# Rust - Allgemeines, Diskussionen und mehr [Sammelthread]



## Gast1669461003 (21. April 2014)

In diesem Thread dreht sich alles rund um das Thema Rust. Hier könnt Ihr Euch mit anderen Community-Mitgliedern austauschen und Rat einholen, solltet ihr vor technischen oder spielerischen Problemen stehen. Wir hoffen auf angemessene Umgangsformen beim Meinungsaustausch und wünschen Euch viel Spaß beim Diskutieren. Auf pcgames.de findet ihr selbstverständlich weitere Informationen rund um Rust.
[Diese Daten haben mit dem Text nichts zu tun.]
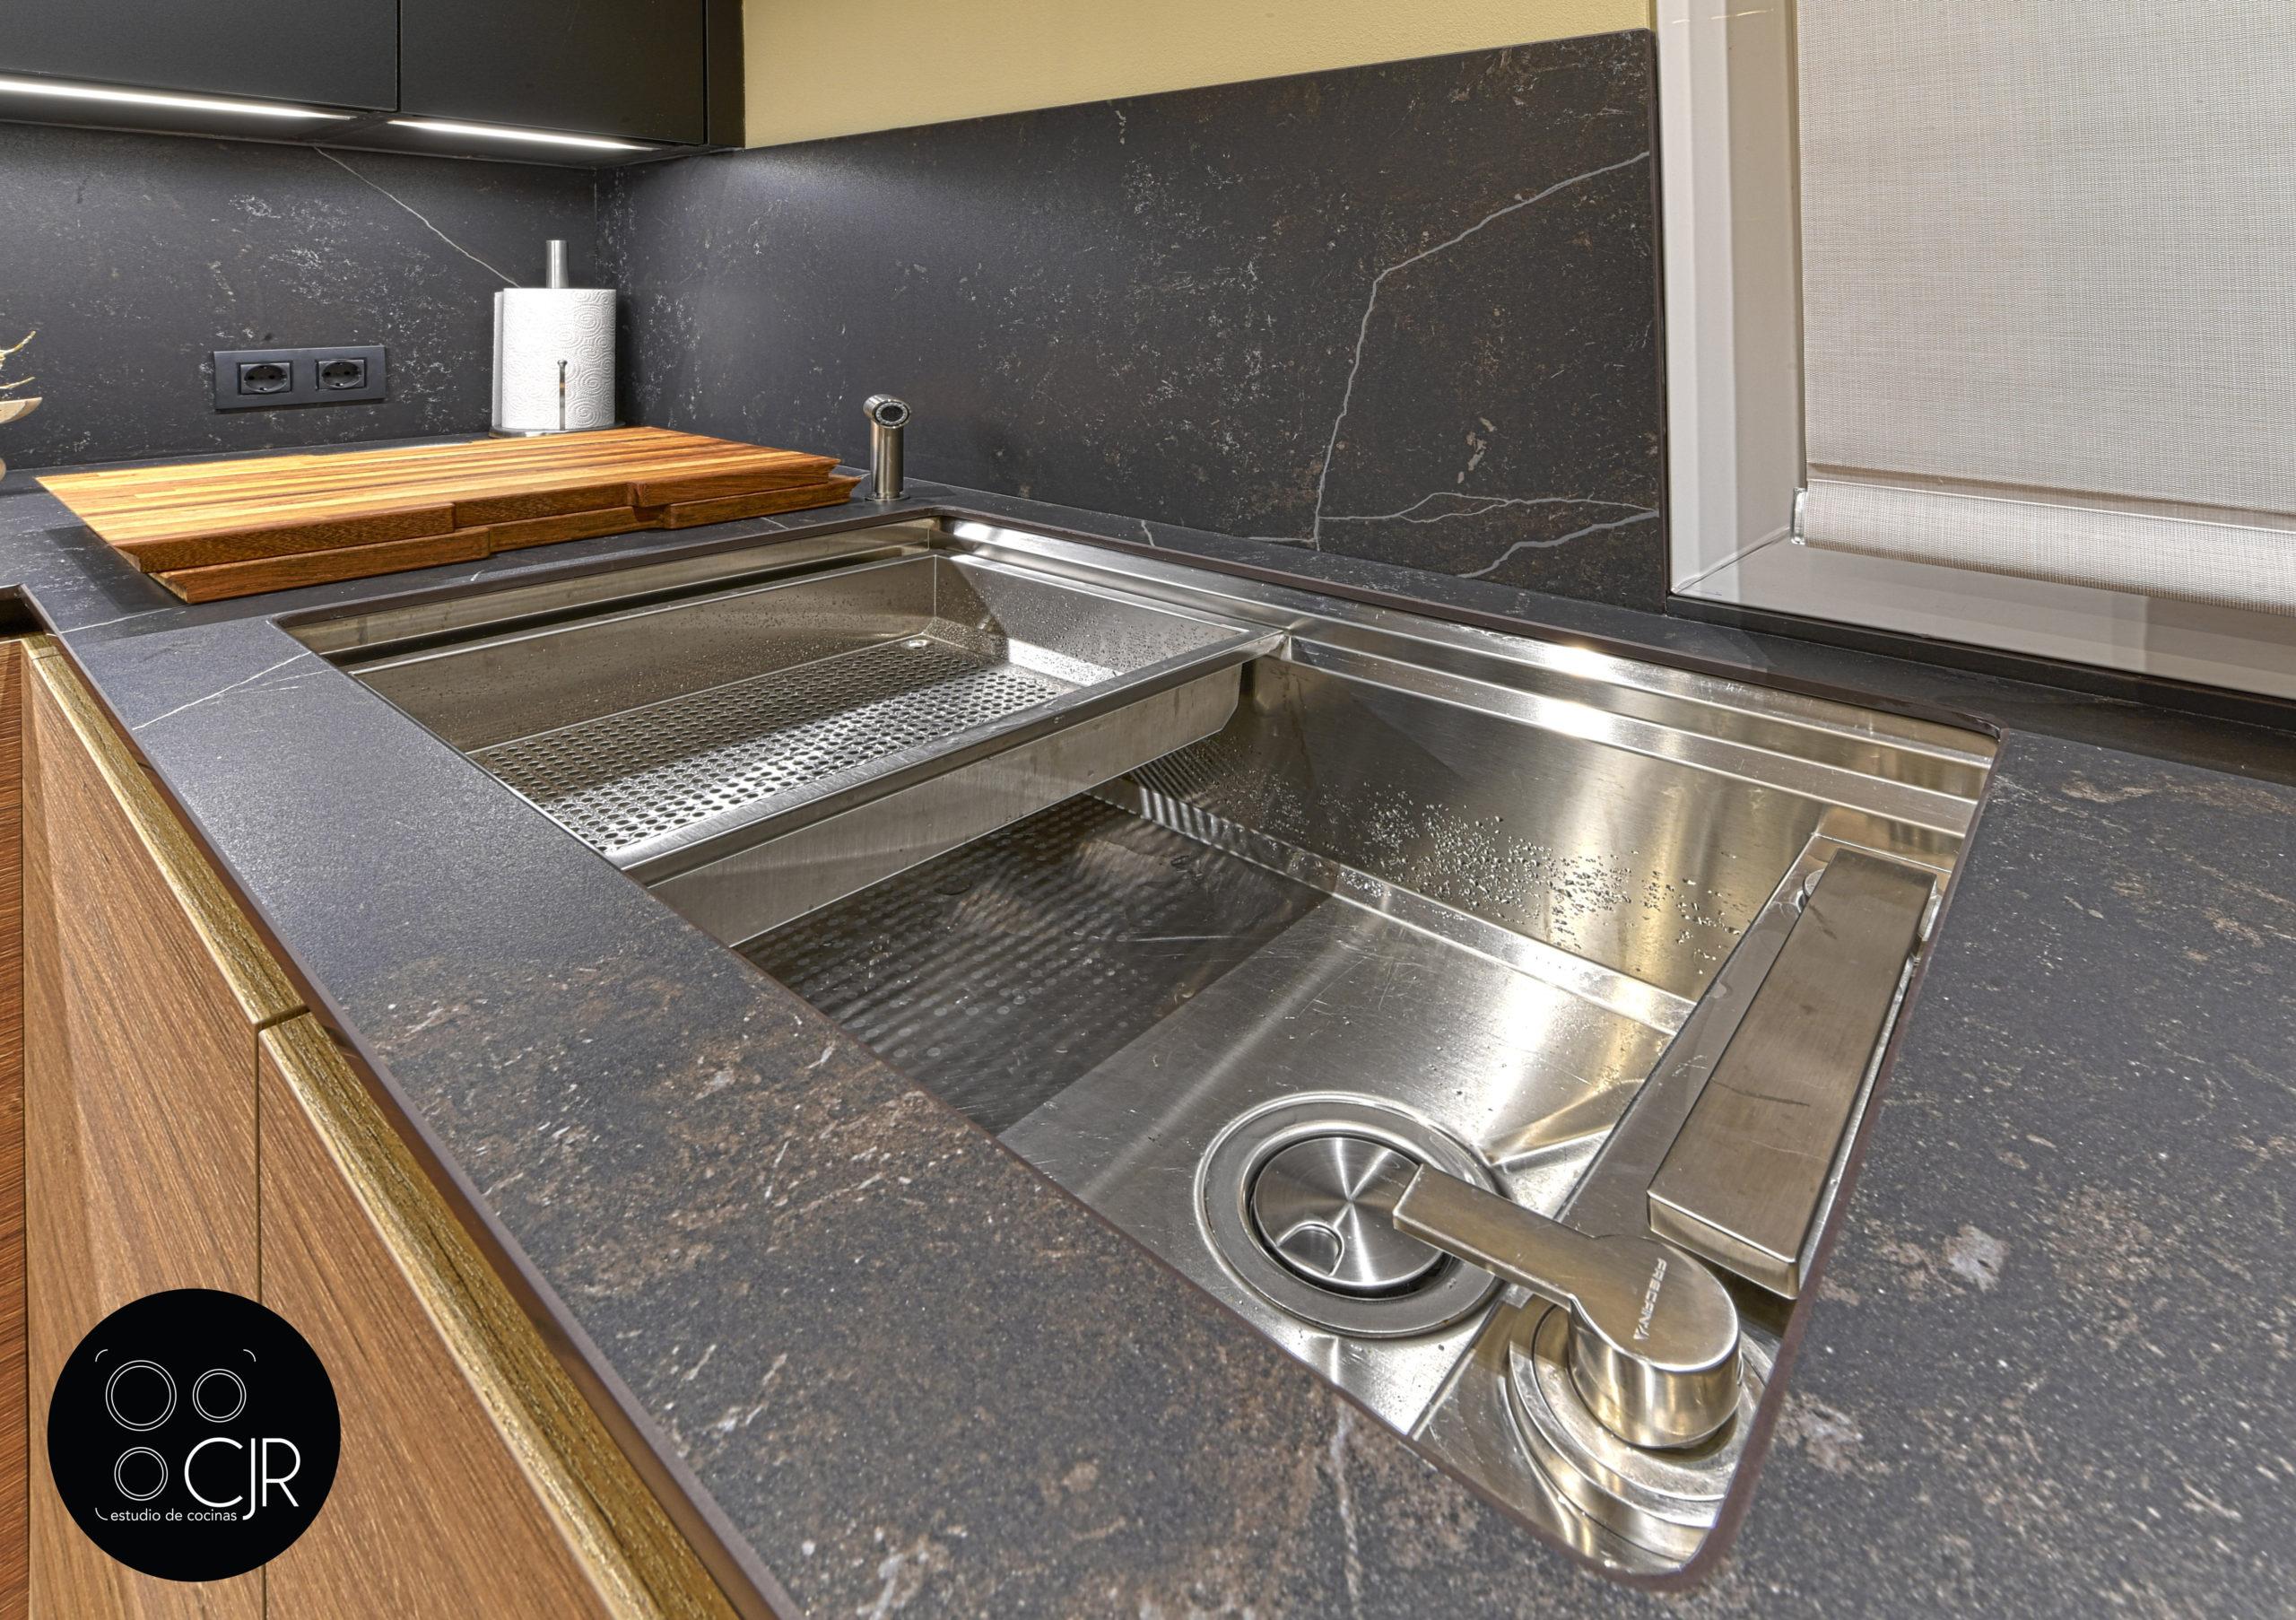 Fregadero recogido en cocina moderna negra y madera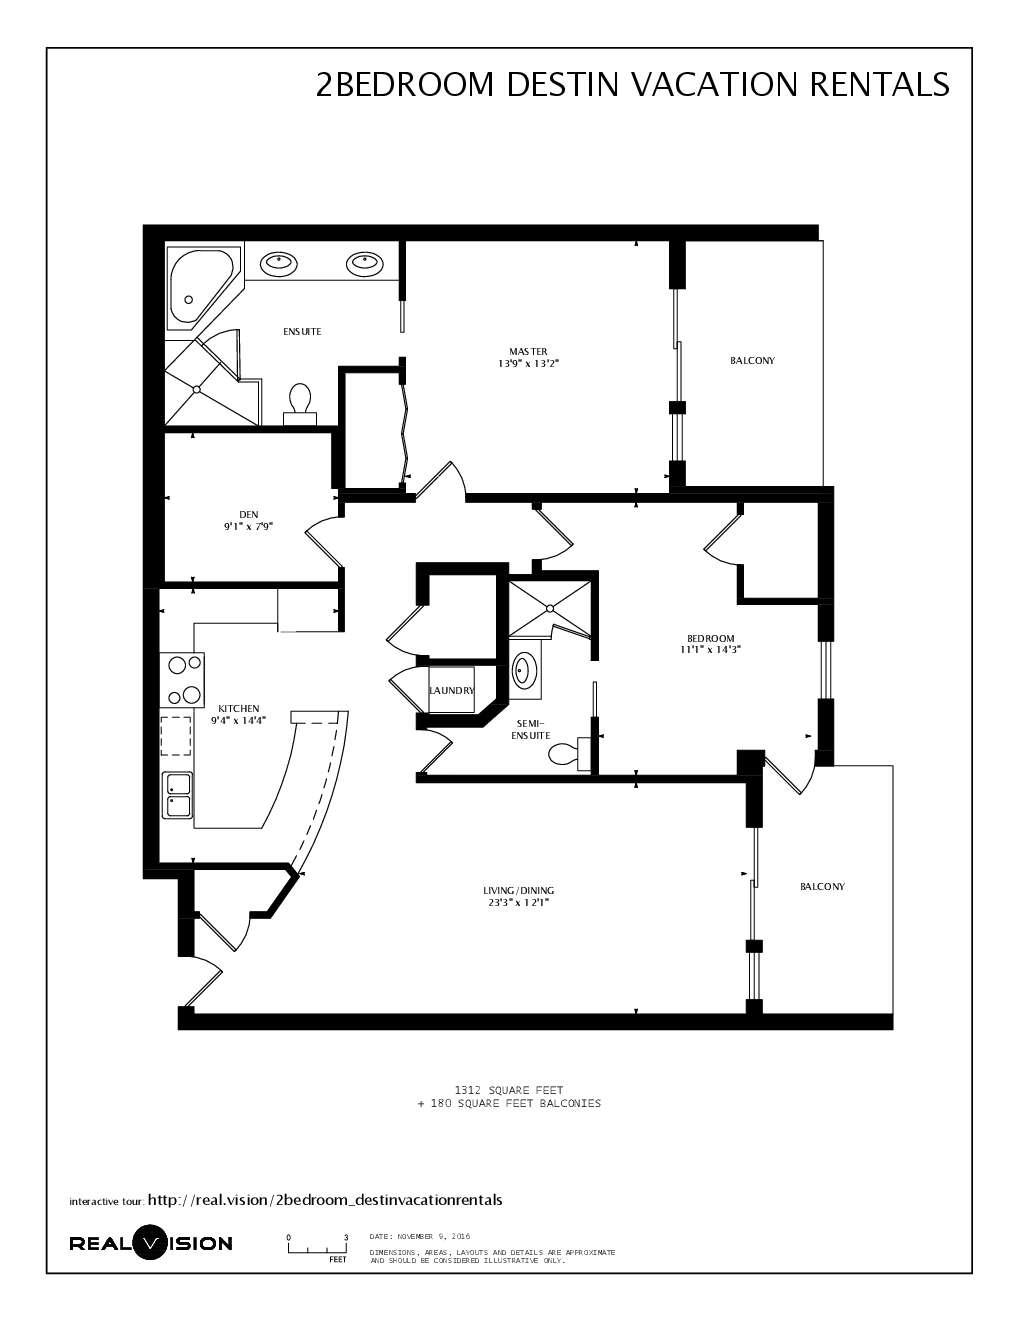 2 Bedroom Bathroom Interactive Tour Photo Gallery Floor Plan

Sämtliche Infos, Videos, Bilder und vieles Mehr findet ihr übersichtlich aufbereitet auf unserer entsprechenden Themenseite.




			Dieser Inhalt steht nur eingeloggten Mitgliedern zur Verfügung.
        


Eure Clanserver könnt ihr hier vorstellen. Hier wird nicht gespammt. 

Da es doch einige zu geben scheint, die Rust spielen und es inzwischen ähnliches Ansehen genießt wie gewisse andere Spiele dieser Art, sollte ein Thread her. Hier könnt ihr euch also über das Spiel, kommende Updates, Online-Erfahrungen und alles andere austauschen. Also los geht's... wer zockt Rust?


----------